Tobacco smoke contains more than 7,000 chemicals, including cancer-causing chemicals, toxic metals, and poisonous gases.2
New studies show that smoking increases risks of infection, intestinal ischemia, and kidney and liver disease.1 These disorders were not previously connected with tobacco use.
With more than 42 million Americans smoking, causing approximately half a million deaths a year, smokers will clog our medical system and drain it of resources as they face a spectrum of diseases.3
It is important that you take steps to avoid inhaling secondhand smoke and to clean up lingering toxins that are referred to as thirdhand smoke. Thirdhand smoke is defined as “residual tobacco smoke contamination that remains after the cigarette is extinguished.”
Leading Cause of Death
Cigarette smoking is the leading avoidable cause of death worldwide. All forms of tobacco use raise a person’s risk of virtually every chronic disease that plagues humanity. For example…

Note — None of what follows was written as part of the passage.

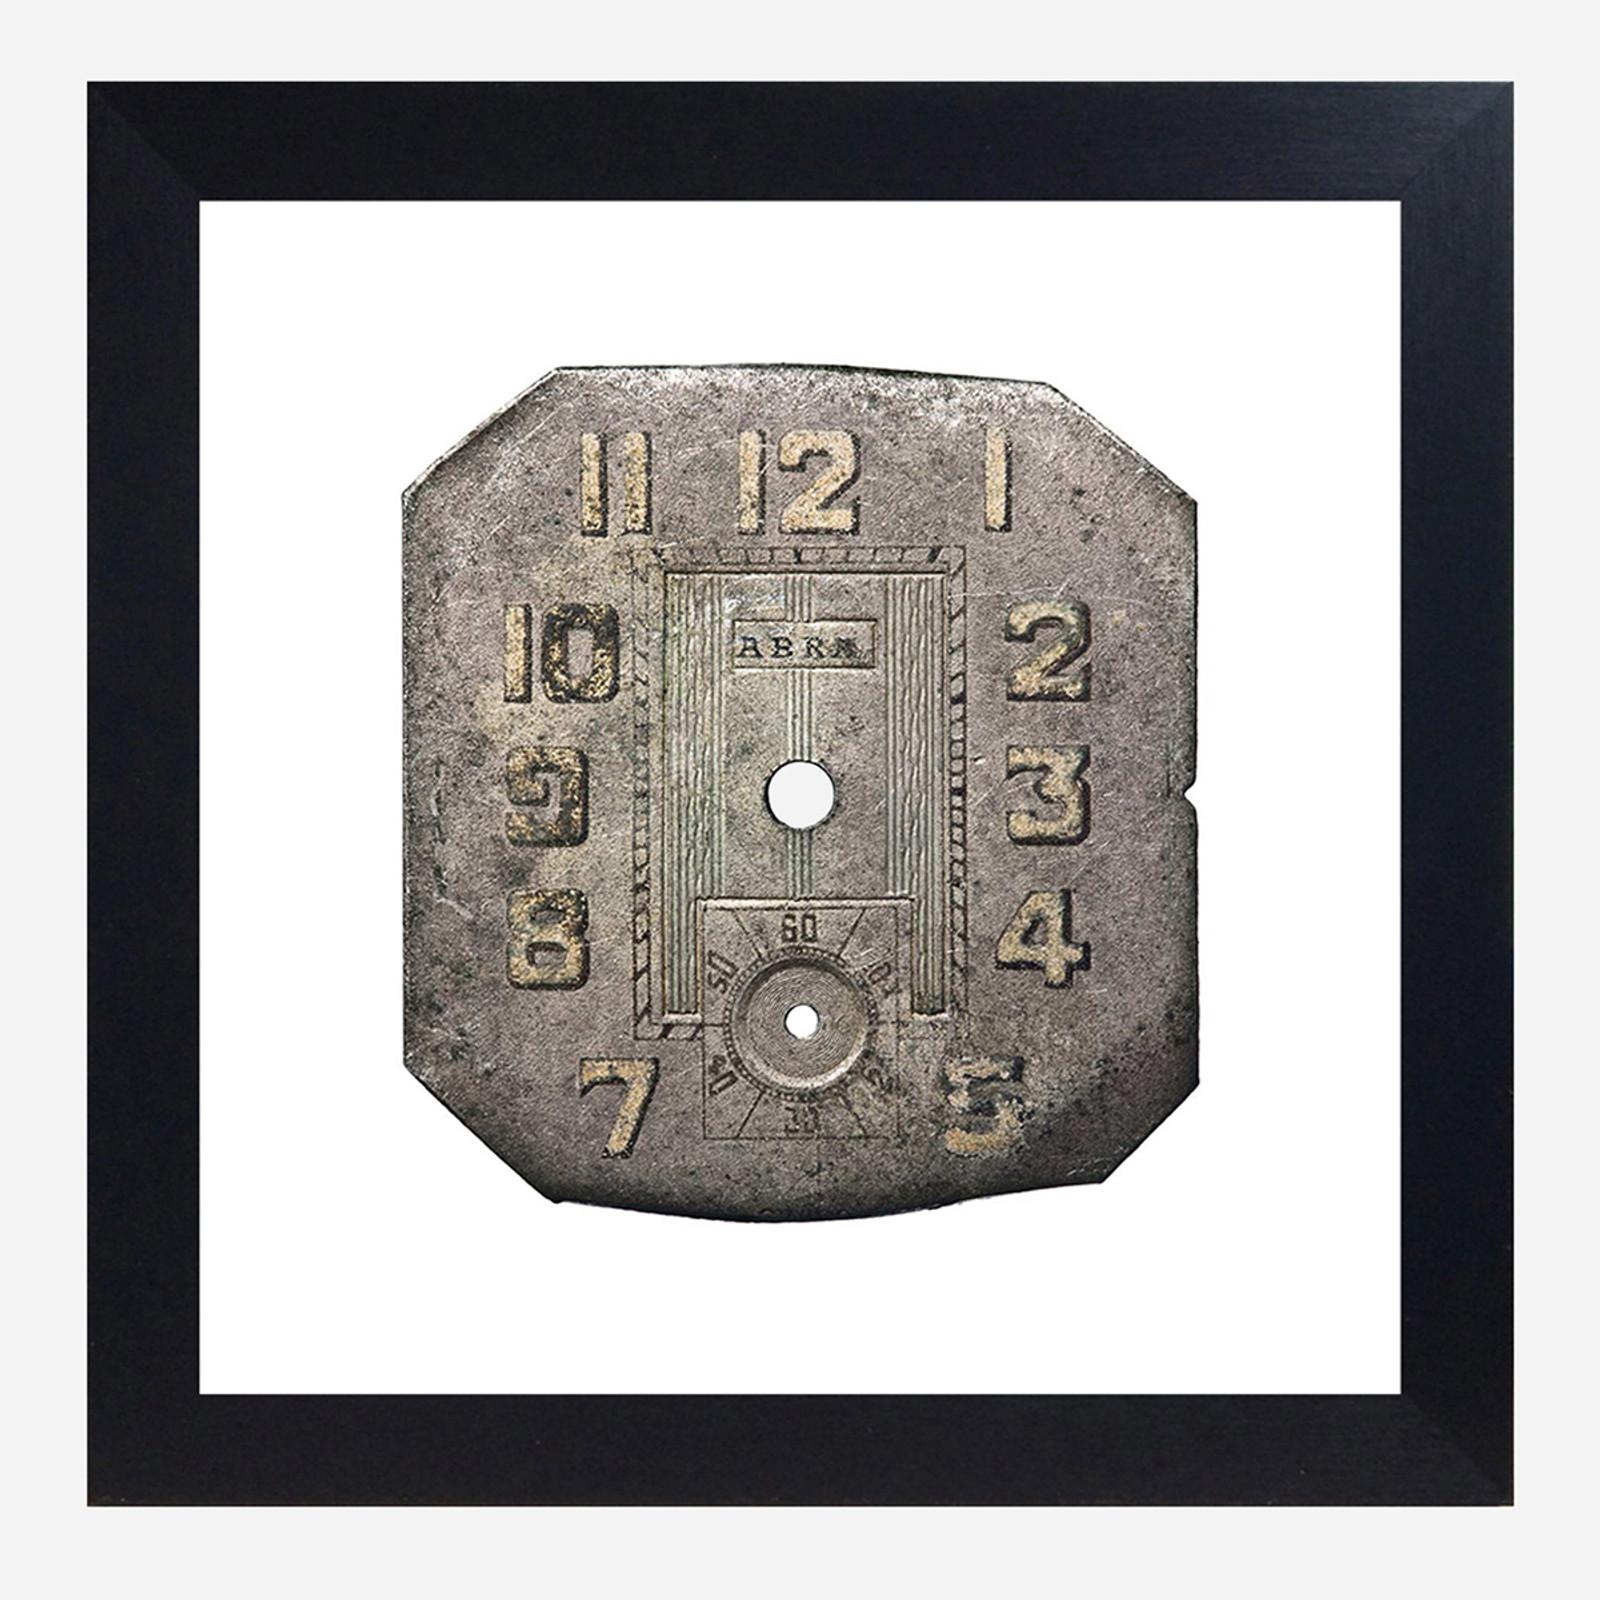 Framed Watch Face Print, Abra 10x10 (WHS Open Box Stock)

- Smokers are 5 times more likely to die from pneumonia.6
- Smokers have a 48% increased colon cancer risk.7
- Smokers have a 1.7-fold increased risk of Crohn’s disease.8
- Smokers have a 129% increased risk in developing nonalcoholic fatty liver disease.9
- Smokers have a 2-fold increase in the risk of dying from amyotrophic lateral sclerosis, or Lou Gehrig’s disease.10
The worst part is that these dangers exist even if you don’t smoke. Secondhand smoke, also known as passive smoking, is surprisingly destructive.9,11-27 Researchers are even discussing thirdhand smoke as an emerging and important concept in both the environmental and public health fields.28-30 Thirdhand smoke is defined by experts as “ residual tobacco smoke contamination that remains after the cigarette is extinguished.”31
Tobacco smoke contains more than 7,000 chemicals, including cancer-causing chemicals, toxic metals, and poisonous gases (see sidebar).2 With so many deadly molecules in just one puff, it is no wonder that tobacco use raises levels of the two major sources of aging in the body: oxidant stress and inflammation.12,32-44
To make matters worse, researchers have studied the epigenetic influence of inhaled toxins from tobacco smoke. Epigenetics is the field that studies the biological mechanisms that turn genes on and off. It is believed that lung cancer, chronic obstructive pulmonary disease (COPD), asthma, and cardiovascular disease are linked with epigenetic changes due to tobacco smoke.45-49 It is believed that one DNA mutation is introduced into the genome for every 15 cigarettes smoked.50
The good news is that stopping smoking benefits all smokers, regardless of their age or how long they have smoked.34,51-57 It also benefits those around them who are exposed to the secondhand smoke and thirdhand residual tobacco toxins that remain after the cigarette is extinguished.
Lung Conditions Caused by Smoking
While smoking clearly raises the risk of lung cancer, both active and passive smoking also produce numerous other lung disorders that can shorten life span.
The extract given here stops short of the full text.